Hacker News new | ask | show | jobs
by mvkel 763 days ago
It seems like few shot prompting and providing some examples to LLMs with large context windows vastly out performs any amount of rag, or fine tuning.

Aren't rag and fine tuning fundamentally flawed, because they only play at the surface of the model? Like sprinkles on the top of the cake, expecting them to completely change the flavor. I know LoRA is supposed to appropriately weight the data, but the results say that's not the solution.

Also anecdotal, but way less work!

4 comments

Long context windows get confused, so shorter is better, and they cannot fit everything in general. I'm not sure where you are seeing results that say otherwise.

RAG is effectively prompt context optimization, so categorically rejecting doing that doesn't make sense to me. Maybe if models internalized that or scaled... But they don't.

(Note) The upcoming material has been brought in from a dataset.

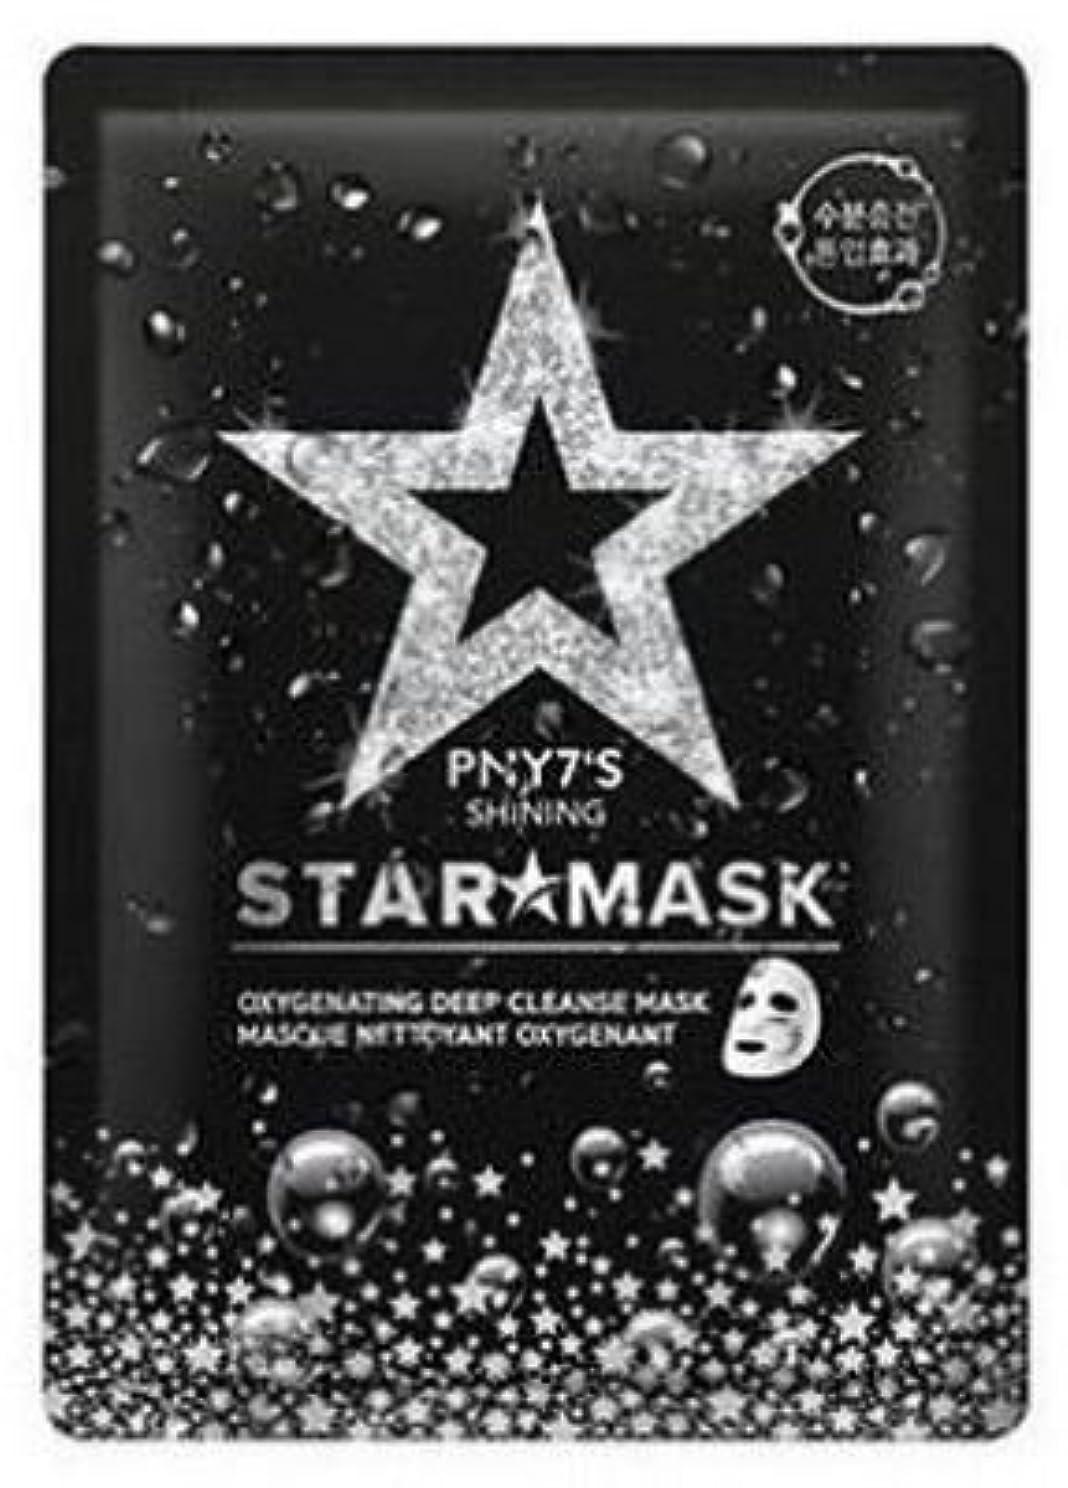 誕生宿命フラッシュのように素早く[PNY7'S] Shining Star mask 10ea/[PNY7'S]シャイニングスターマスク10枚 [並行輸入品]

Totally agree. Every decision on what context to put in a context window is “RAG”. Somehow the term was co-opted to refer to “context selected by vector similarity”, so presumably when people say “is RAG hanging around”, what they mean is “are vectors a complete solution”, to which the answer is obviously “no”. But you still need some sort of _relevance function_ to pick your context - even if it’s pin-the-tail-on-the-donkey. That’s “RAG”.

Doesn’t make sense to ask “will we still have to curate our context?” The answer is of course you will.

RAG and fine-tuning are very different. Few-shot prompting and RAG are both variants of in-context learning.
That's definitely my experience as well, sufficiently large context window with a capable enough general purpose LLM solves lots if not all of the problems rag/fine tuning claim to solve.
I've also found (anecdotal) significant success in just throwing in available context before prompting. I've written multiple automations in this way as well.